Vier Jahre später gibt es nun ein neues Album: »Tribute to Lester«. Es ist ein Jazz-Album geworden, in dem Sinne, dass es von Kontinuität, einem ausgereiften Formbewusstsein und Gestaltungswillen zeugt. Es ist also ein gutes Album, sauber gearbeitet, den Solisten viel Platz einräumend und die musikalische Mehrdimensionalität – BeBop, afrikanische Percussion-Konzerte, swingende Balladen, radikale Improvisation – frei entfaltend. Den drei übrig Gebliebenen, Mitchell, Favors, Moye, ist bewusst, dass sie es nicht mehr sind, die die Great Black Music formulieren und zeitgemäß zum Ausdruck bringen. Durch ihren jahrzehntelangen, mithin sehr ausdauernden Radikalismus sind sie selbst Geschichte geworden.

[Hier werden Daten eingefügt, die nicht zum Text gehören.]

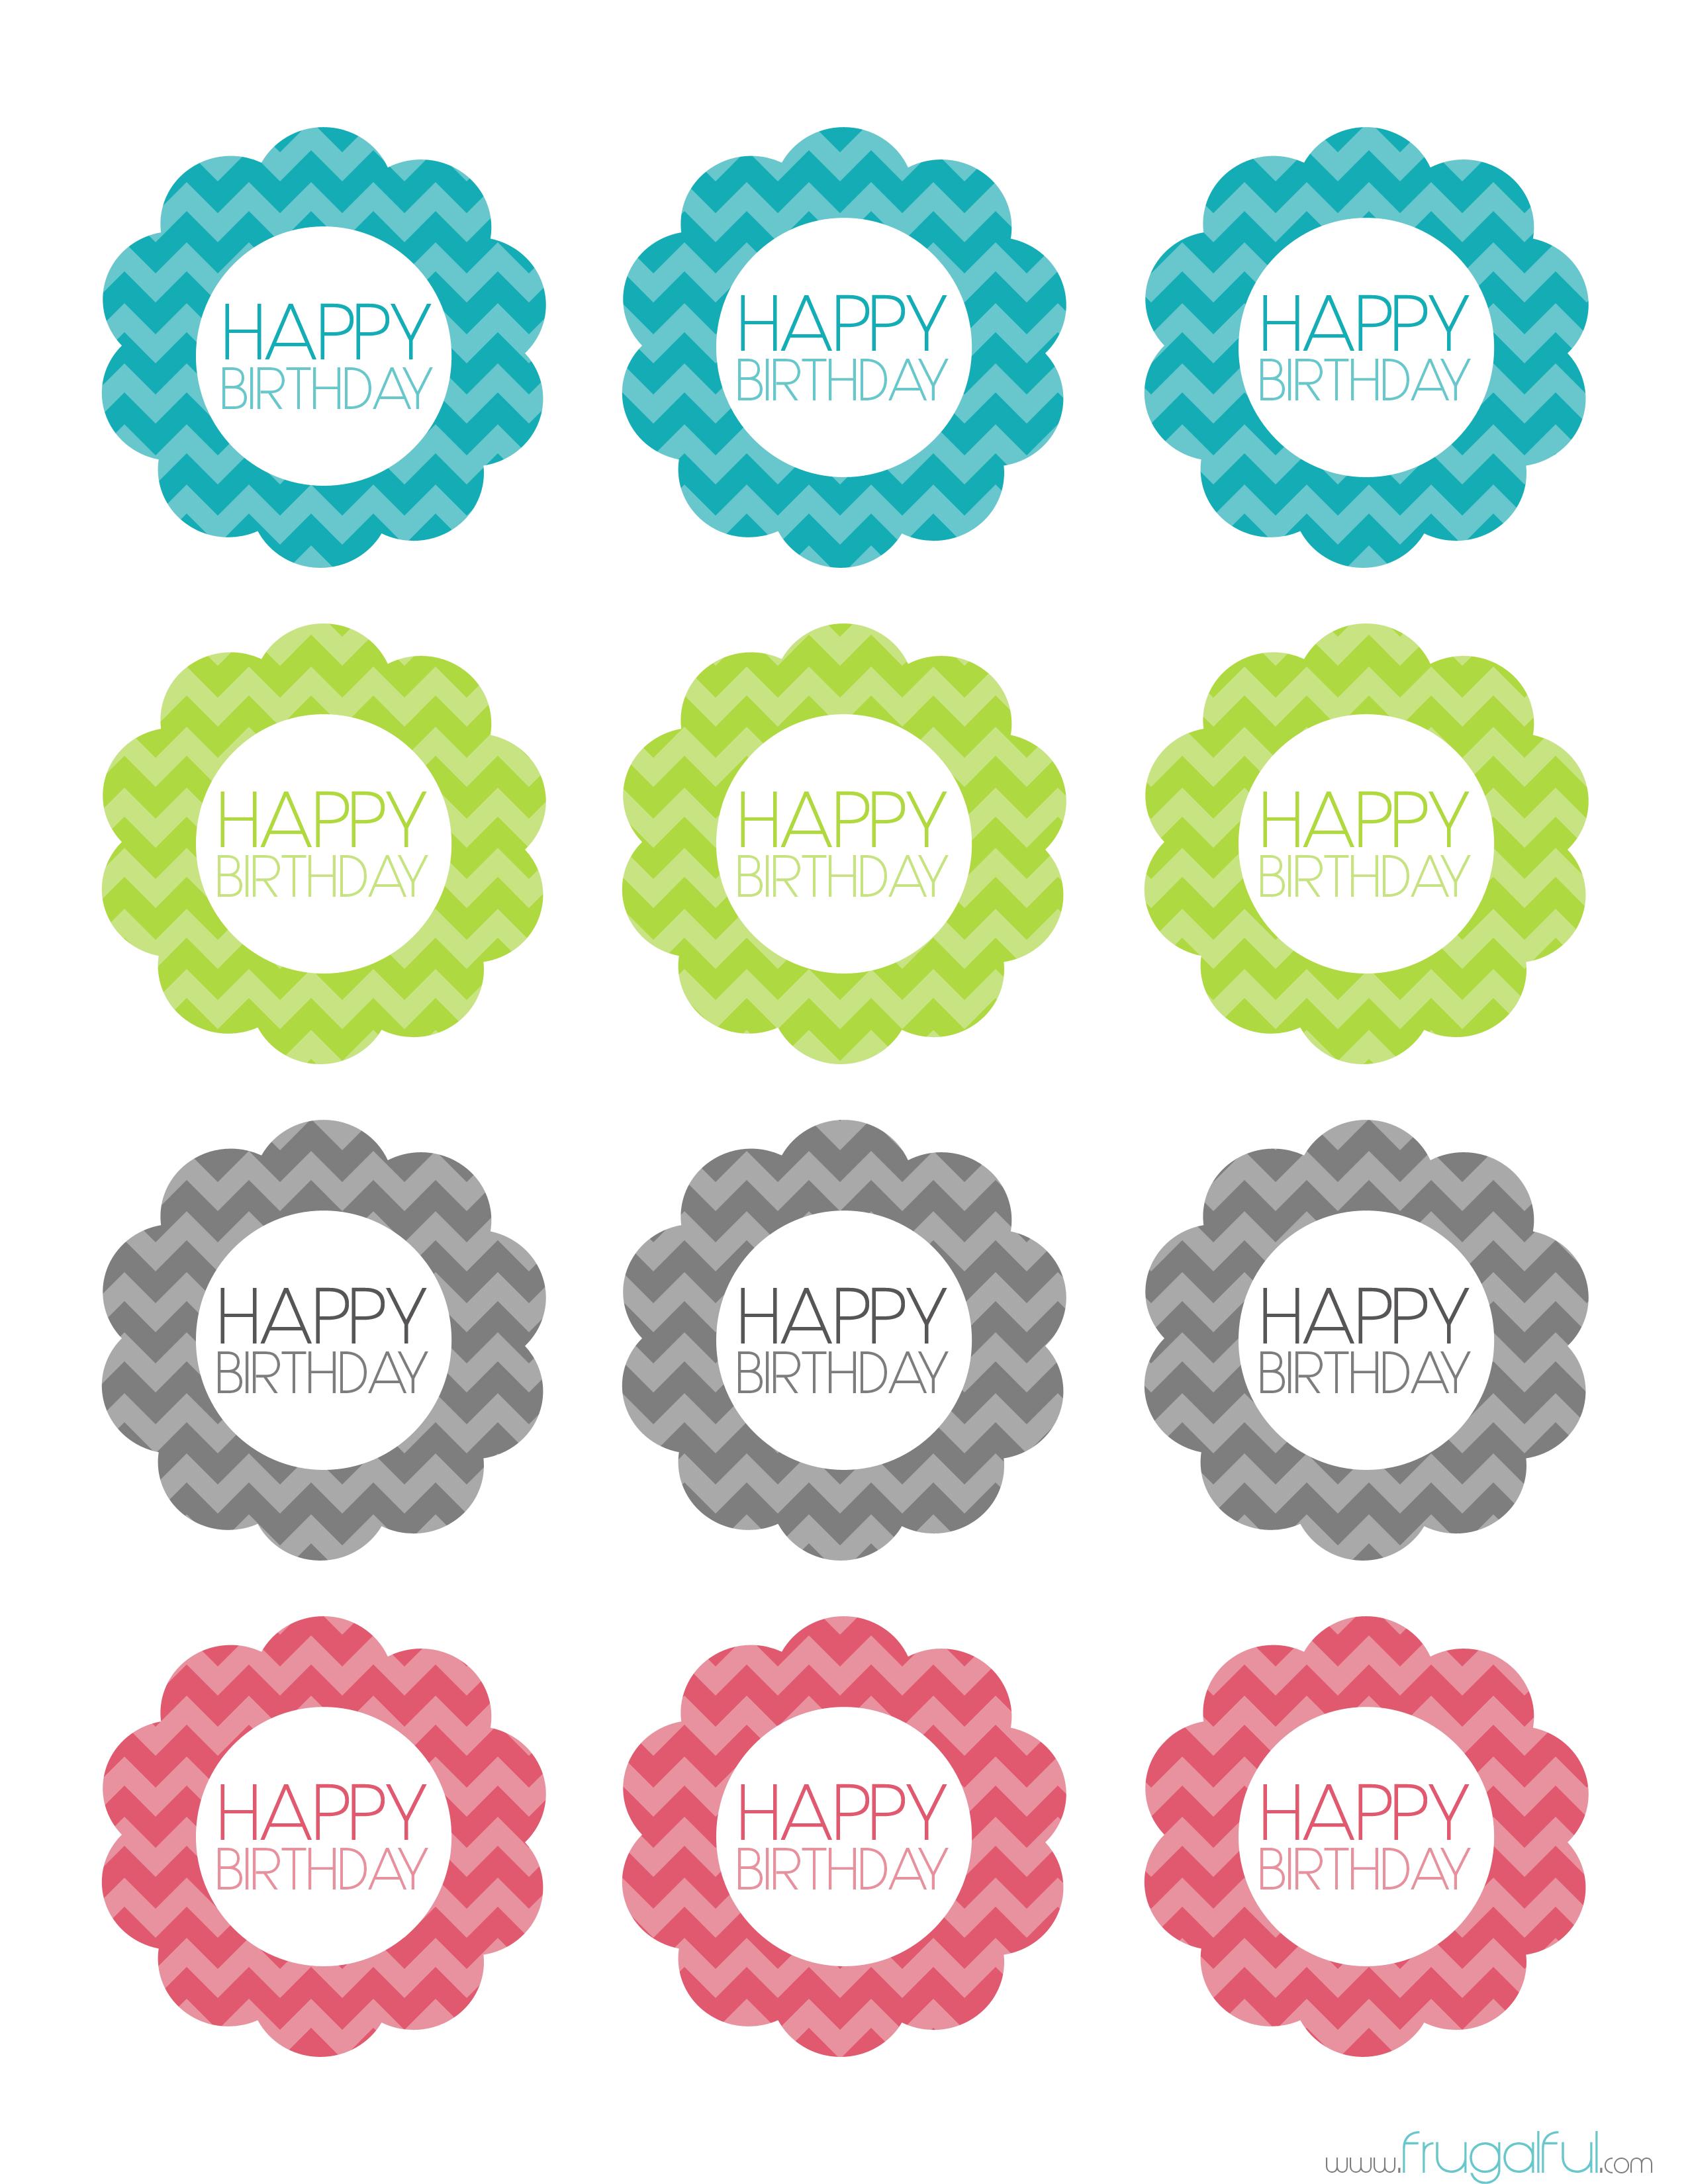 Free Printable Chevron Birthday Cupcake Topper Cakepins - Free Printable Barbie Cupcake Toppers

Die Abwesenheit Bowies macht das bewusst. Indem sie ihm huldigen, zitieren sie ihre eigene Geschichte. Das ist eine realistische Haltung, und natürlich auch eine coole: Denn im Gegensatz zu Bowie, der bis zum Schluss der neokonservativen Clique um den Jazztrompeter Wynton Marsalis die Stirn bieten wollte, demonstriert die Gruppe eindrucksvoll, dass sie niemandem mehr etwas beweisen muss.

Während man dann dem fast schon getragenen Vortrag der Musik nachhängt, trudelt die Meldung ein, dass Joseph Jarman sein Klosterexil verlassen hat. Er wollte ja nie das Musikmachen aufgeben, heißt es, sondern nur ein bisschen Pause machen. Seit Anfang des Jahres ist dieser große Neurotiker wieder mit dem Art Ensemble unterwegs. Manchmal wird die Geschichte doch noch fortgeschrieben.